*Assignment*
Under this line are records; the part from the line containing "King Unisex T-Shirt navy Large" through the line containing "Geld-Taschen zum Verkauf" should be repeated exactly. Please exclude pictures.

*Stored data*
---------------

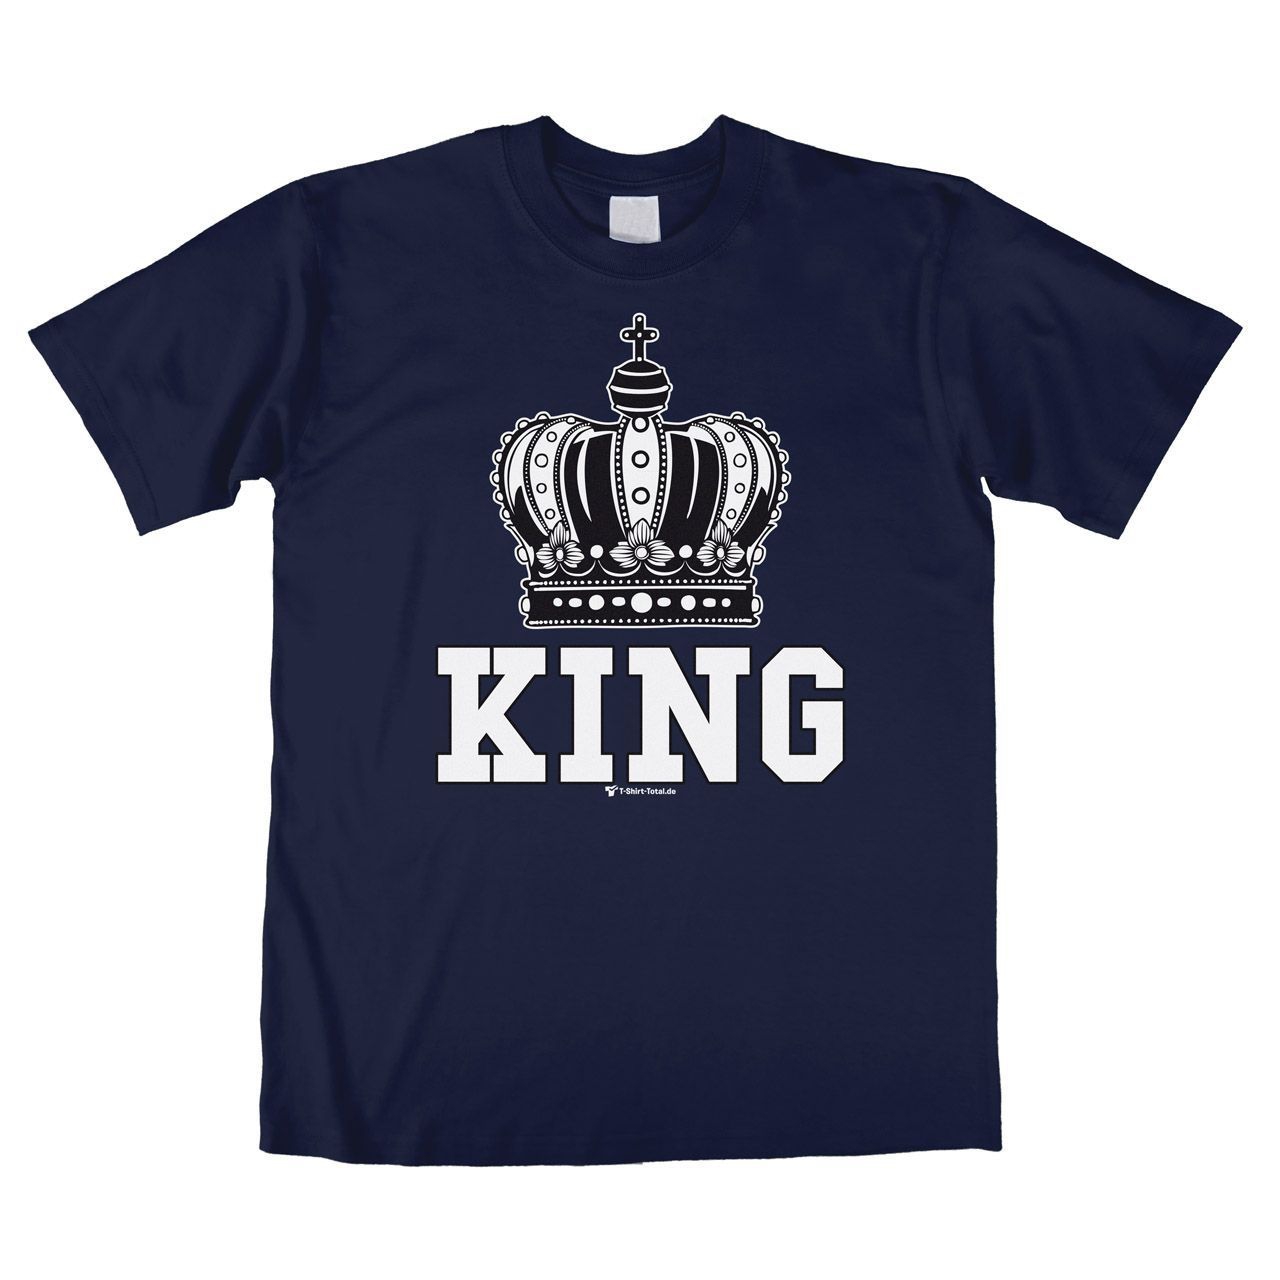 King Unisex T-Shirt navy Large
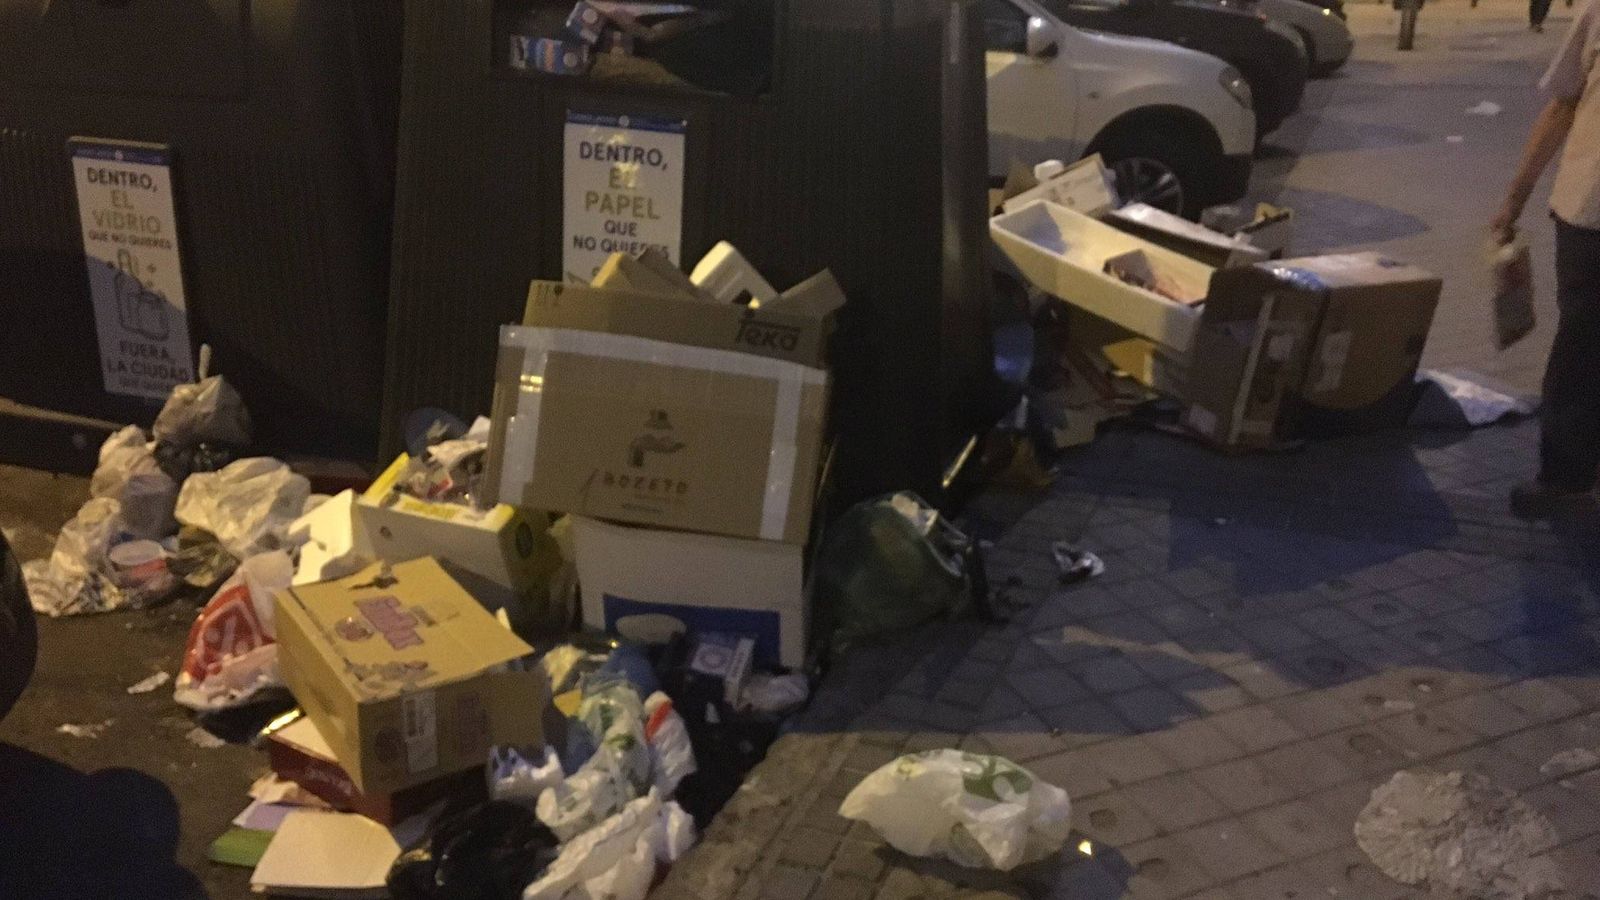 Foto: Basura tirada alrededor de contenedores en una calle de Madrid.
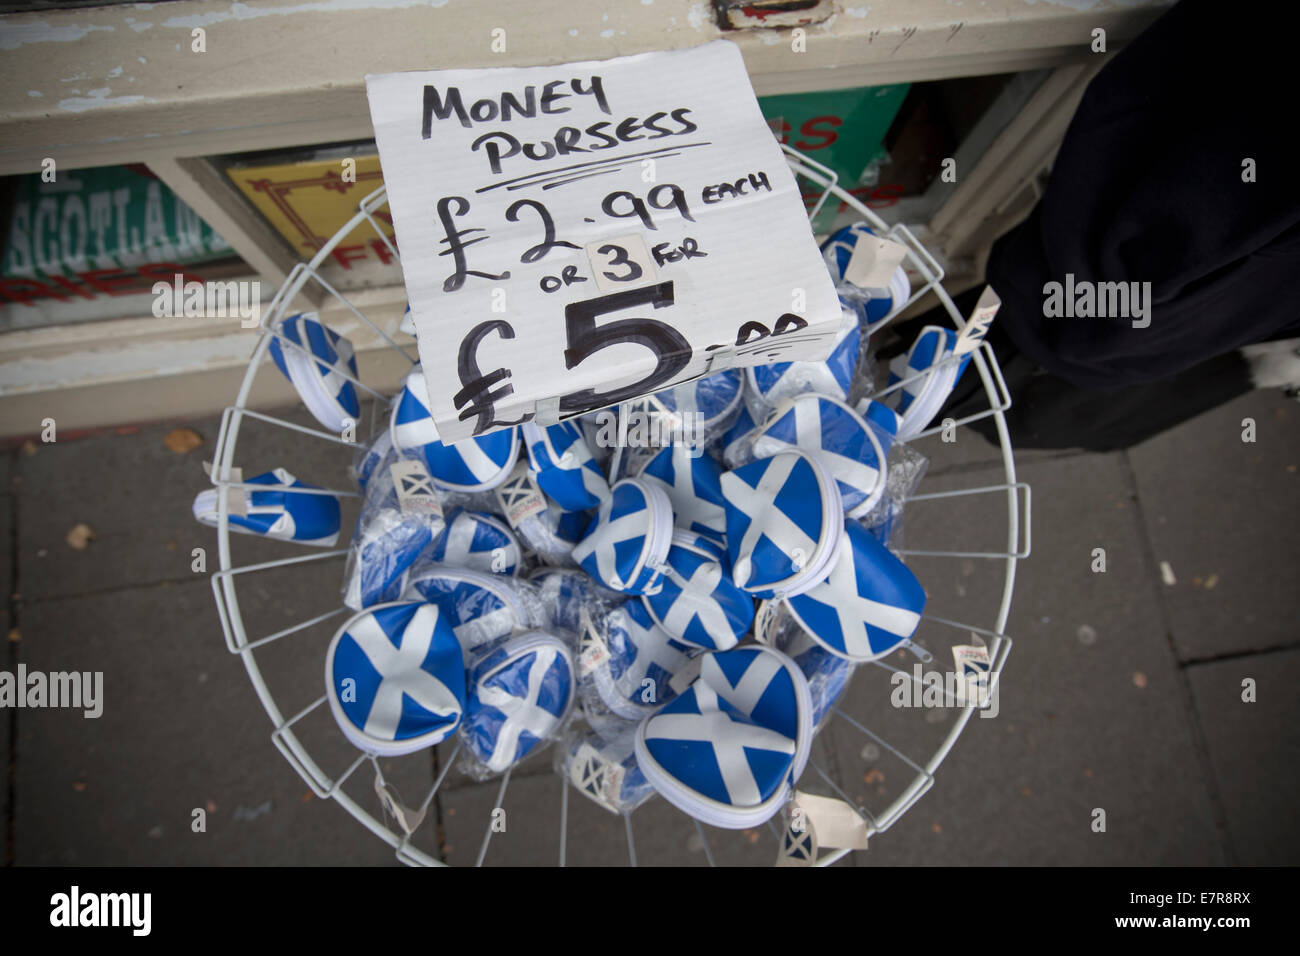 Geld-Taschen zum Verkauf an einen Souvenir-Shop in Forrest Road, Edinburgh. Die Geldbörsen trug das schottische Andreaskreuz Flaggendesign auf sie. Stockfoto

---------------

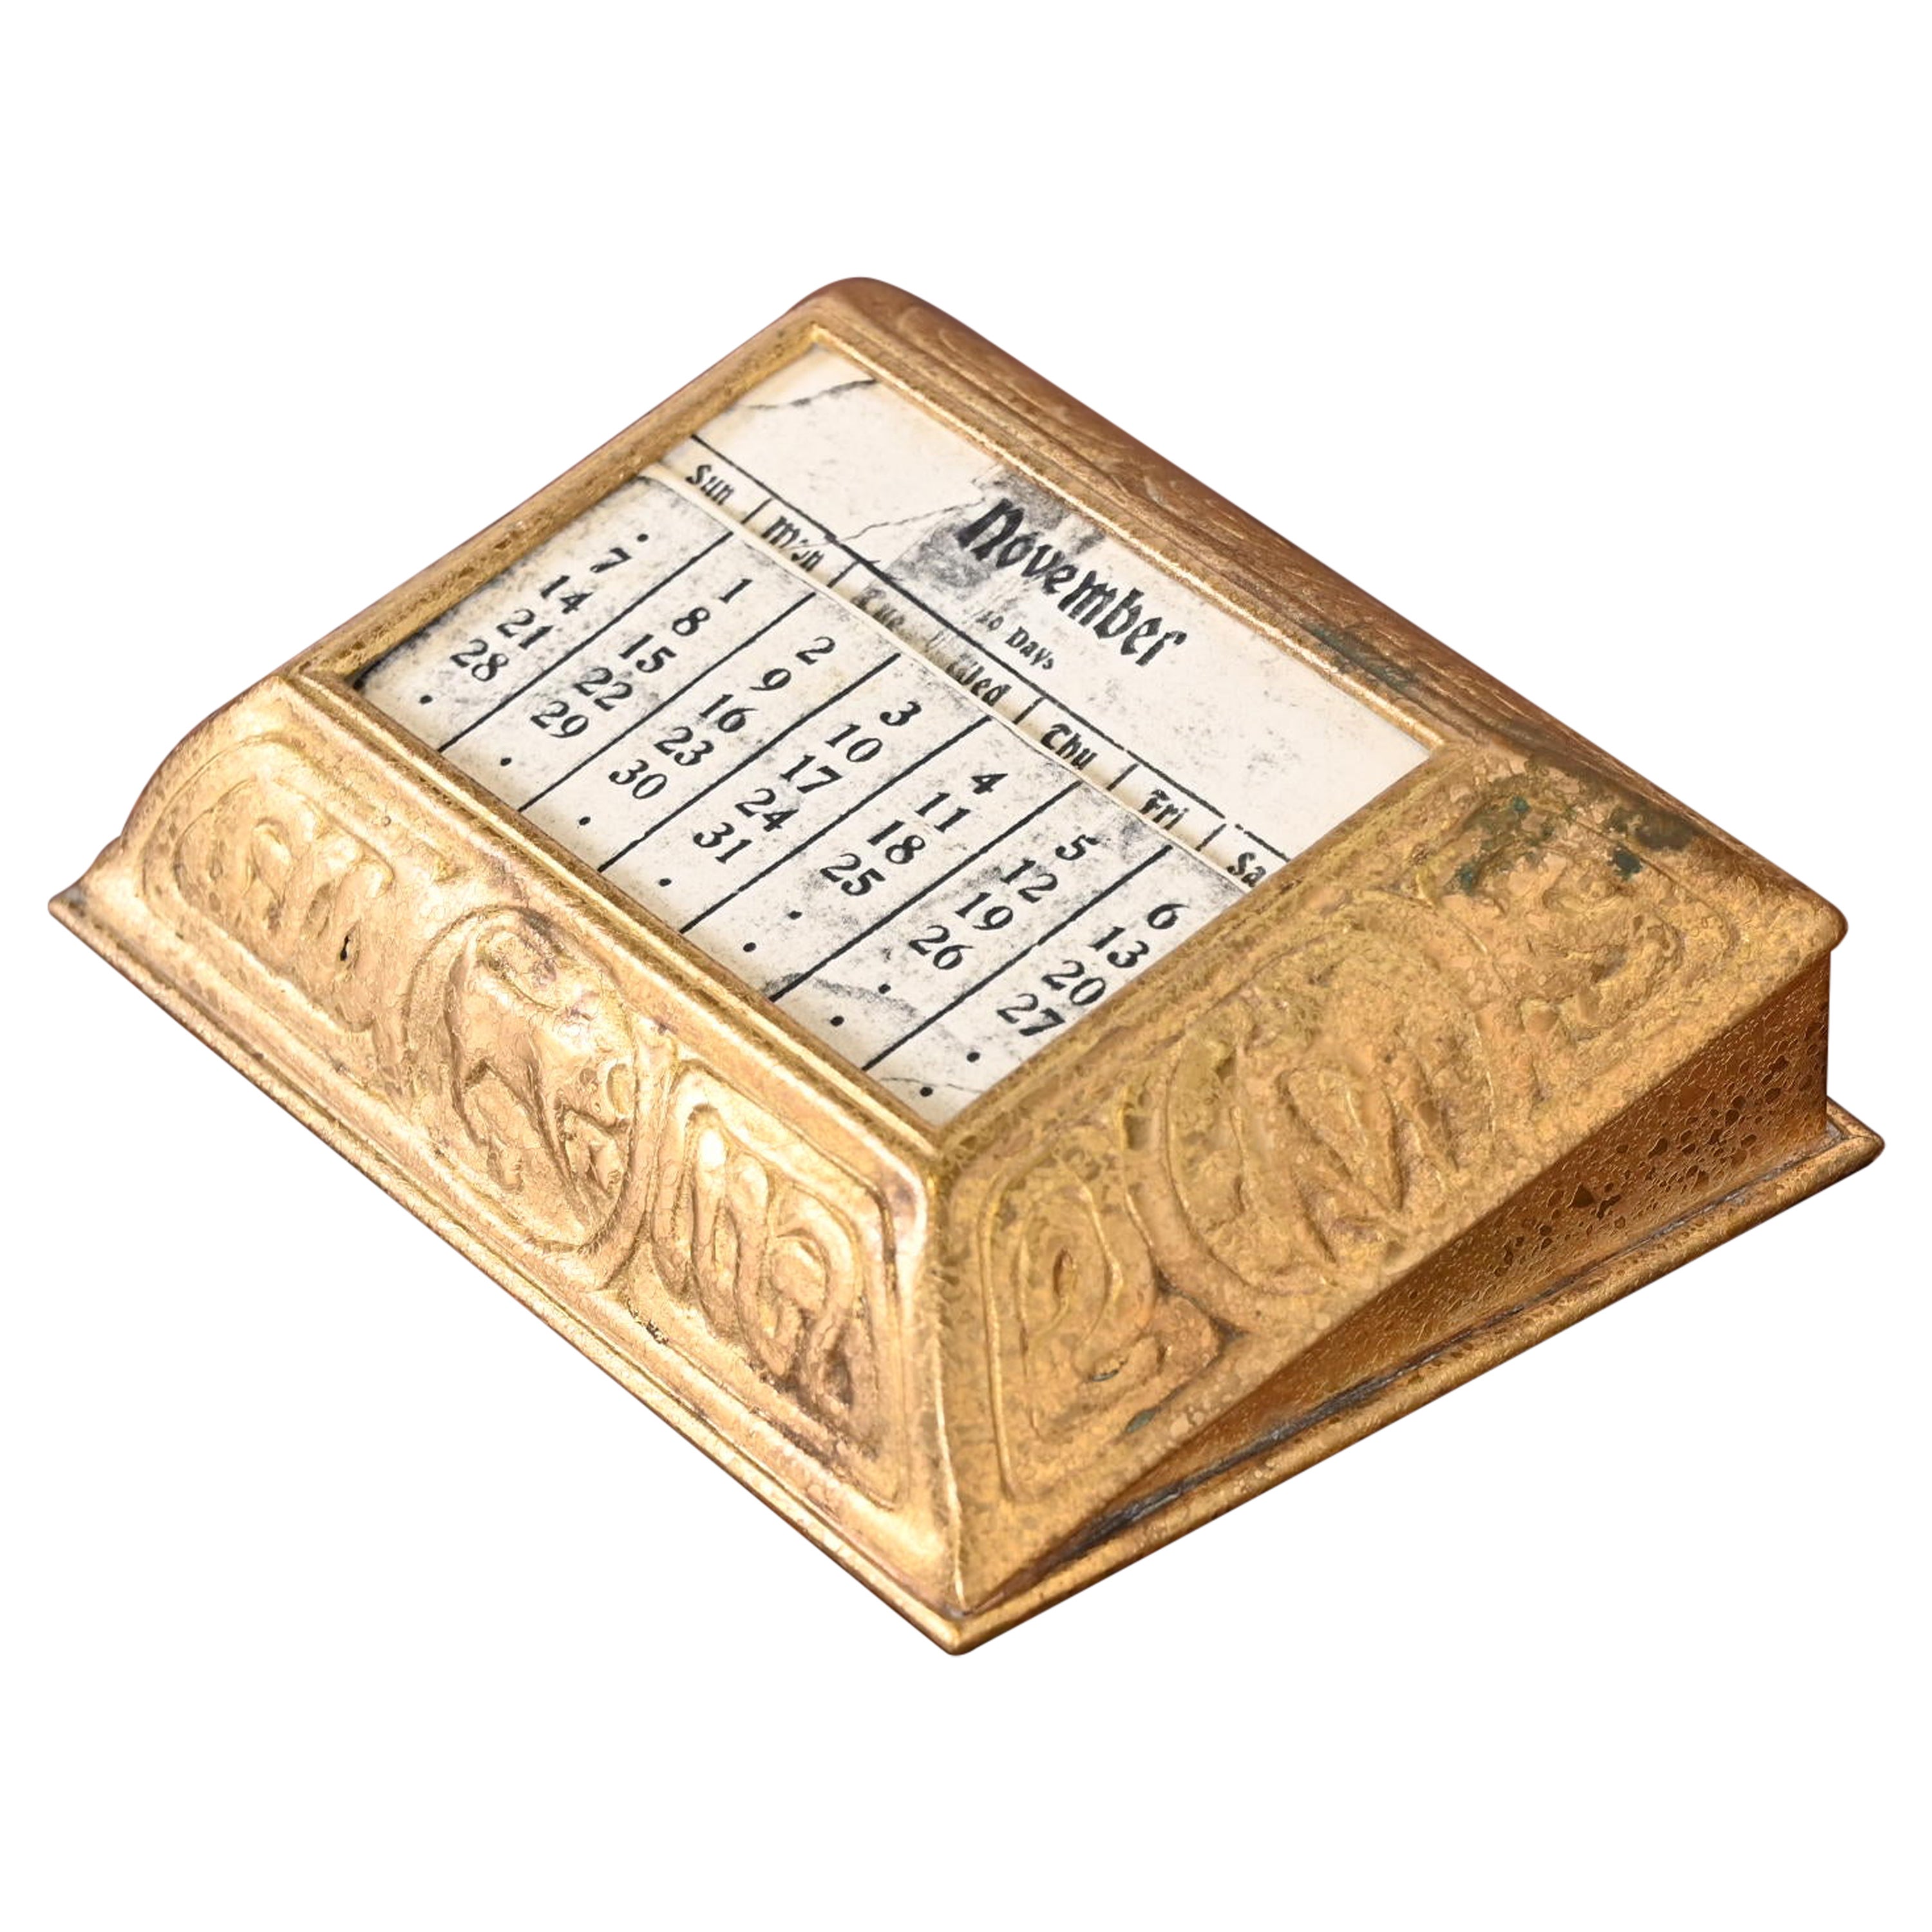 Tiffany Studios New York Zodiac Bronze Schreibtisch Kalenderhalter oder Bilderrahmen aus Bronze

---------------

*Reply*
 King Unisex T-Shirt navy Large
 Foto: Basura tirada alrededor de contenedores en una calle de Madrid.
 Geld-Taschen zum Verkauf an einen Souvenir-Shop in Forrest Road, Edinburgh. Die Geldbörsen trug das schottische Andreaskreuz Flaggendesign auf sie. Stockfoto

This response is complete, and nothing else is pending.